For ever additional square foot of space, the price goes up by $87 dollars. 87 is the coefficient by which the size the house is multiplied by. So for a 1400 square foot home, the size of the house adds $121,800 to the price of the home. The standard error amounts to a range that the model supports. With standard error of +- 4, the value of the aforementioned house could vary between $116,200 and $127,000. To predict the value of another home based on this model, the values for bed, size, and neighborhood by their respective coefficients to determine the mean value of the prediction.
One interesting part of the output is the coefficient for the number of bedrooms. A coefficient of -9,222 suggests that a home’s price could be improved simply by knocking down walls creating bedrooms. This is clearly not the case. The reason the regression analysis produced a negative coefficient in this case is that the number of bedrooms is closely correlated with size. This situation is called: multicollinearity. While multicollinarity makes it hard to understand how the component contributes to the result, it does improve an estimate or forecast based on the model.
Overall, the model is quite accurate. The adjusted R^2 .5803 means that the model explains 58% of the variation in house prices. The remaining 42% of the variation in a house’s price are things like lot size or quality.
To demonstrate the model, I’ve nearly randomly picked a house from the ones on sale on Yahoo’s real estate site. The house is 1482 square feet, with 3 bedrooms, and is in the East Sacramento neighborhood.

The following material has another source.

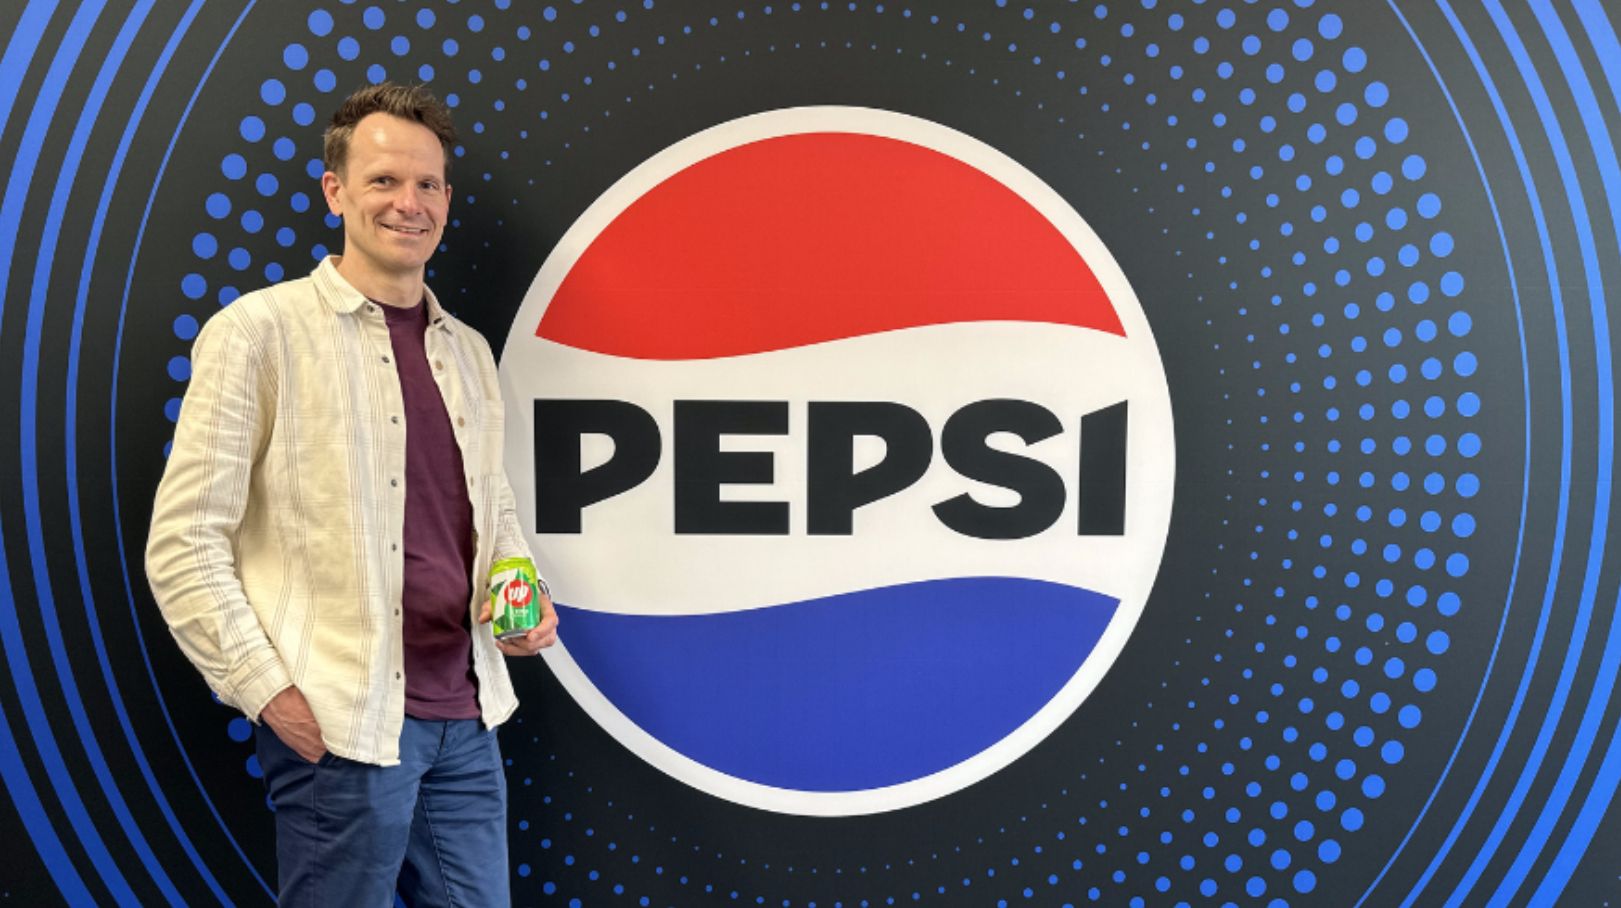 Stephan van Ee, Directeur Marketing bij Vrumona, over het nieuwe Pepsi design.
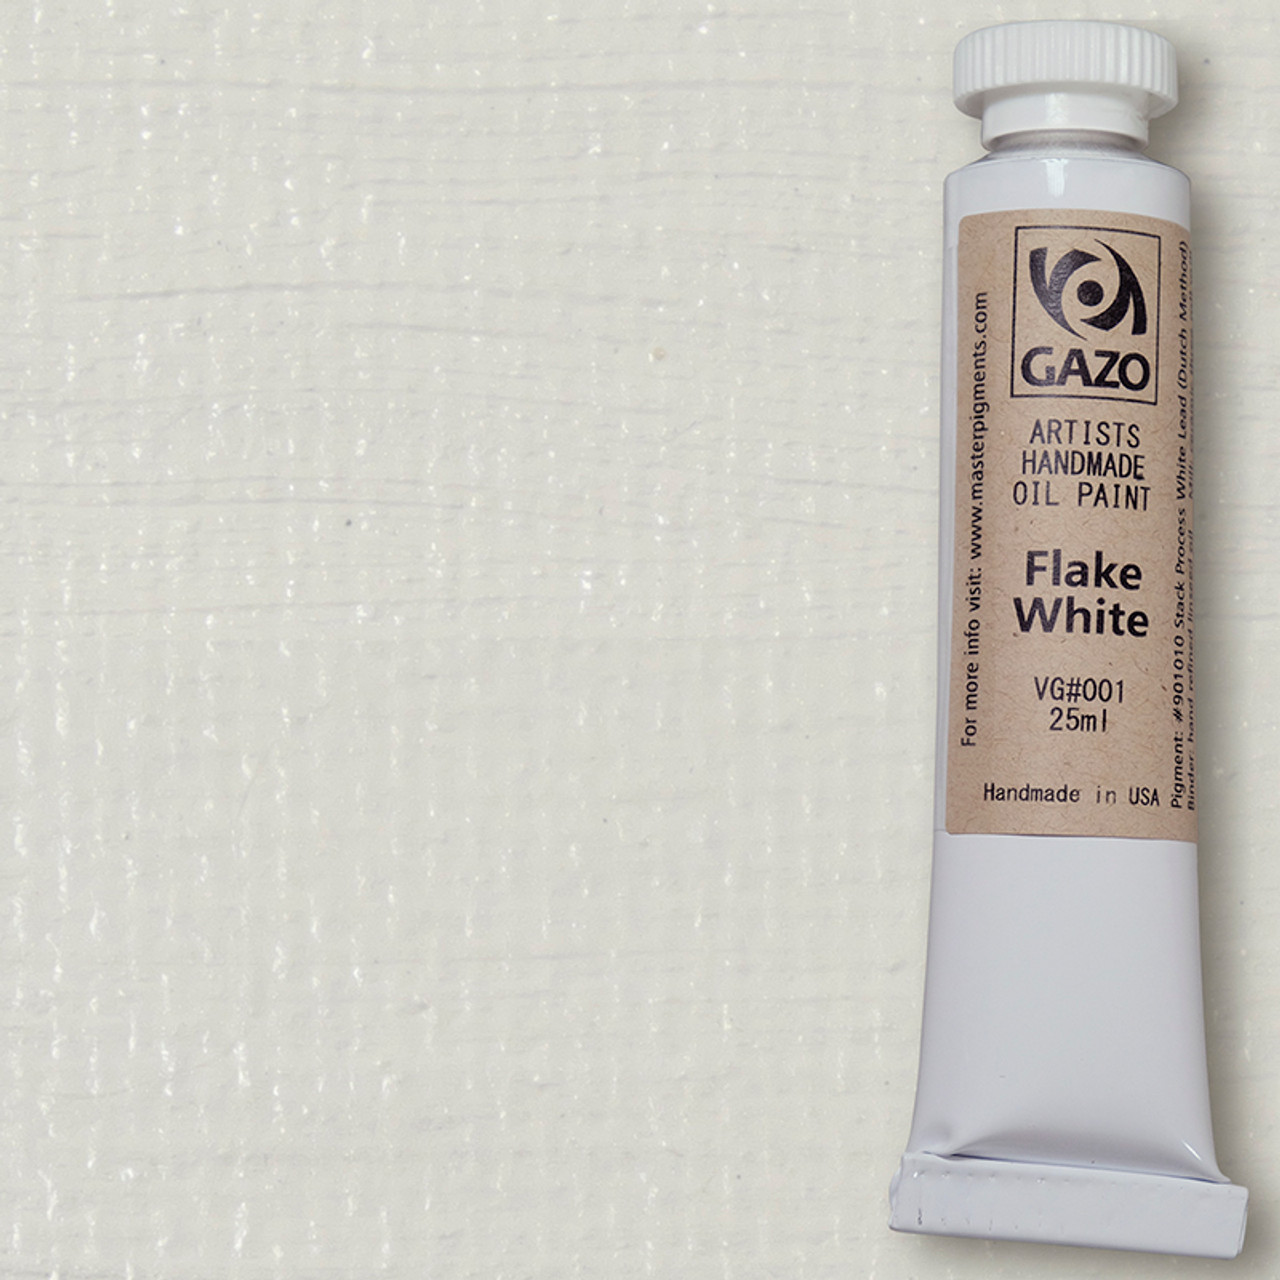 Flake white oil paint

To translate these statistics into an estimate the formula:
Intercept Coefficient +# of bedrooms * bed coefficient + size coefficient * size + neighborhood value
11,775 + 3 * −9,222 + 1482 * 87 + 271,534 = 384,577
One important thing to understanding the output from a regression analysis is that while it is often expressed as rather precise result, in this case $384,577, a better way to interpret the results is to use the standard error of the coefficient to produce a range of output. The high of the range is:
Intercept Coefficient +# of bedrooms * (bed coefficient + standard error) + size coefficient * (size + standard error) + neighborhood value + standard error
Or in numbers:
11,775 + 3 * (−9,222 + 2,365) + 1482 * (87 + 4) + (271,534 + 51,255) = 448,875
The low of the range is calculated by subtracted the standard error from the coefficient:
11,775 + 3 * (−9,222 – 2,365) + 1482 * (87 – 4) + (271,534 – 51,255) = 320, 299
So the model’s range is $448k to $320k with a likely outcome of $384k. Zillow’s estimate for the property is $331,800 and reports an asking price of $357,950. For this house, both are within the range, if on the low end. I think the Zillow zEstimate is a bit misleading, since they only give a number and not a range. In another post I will apply the model to July, August, and September data (the model data was from June 10 to June 11).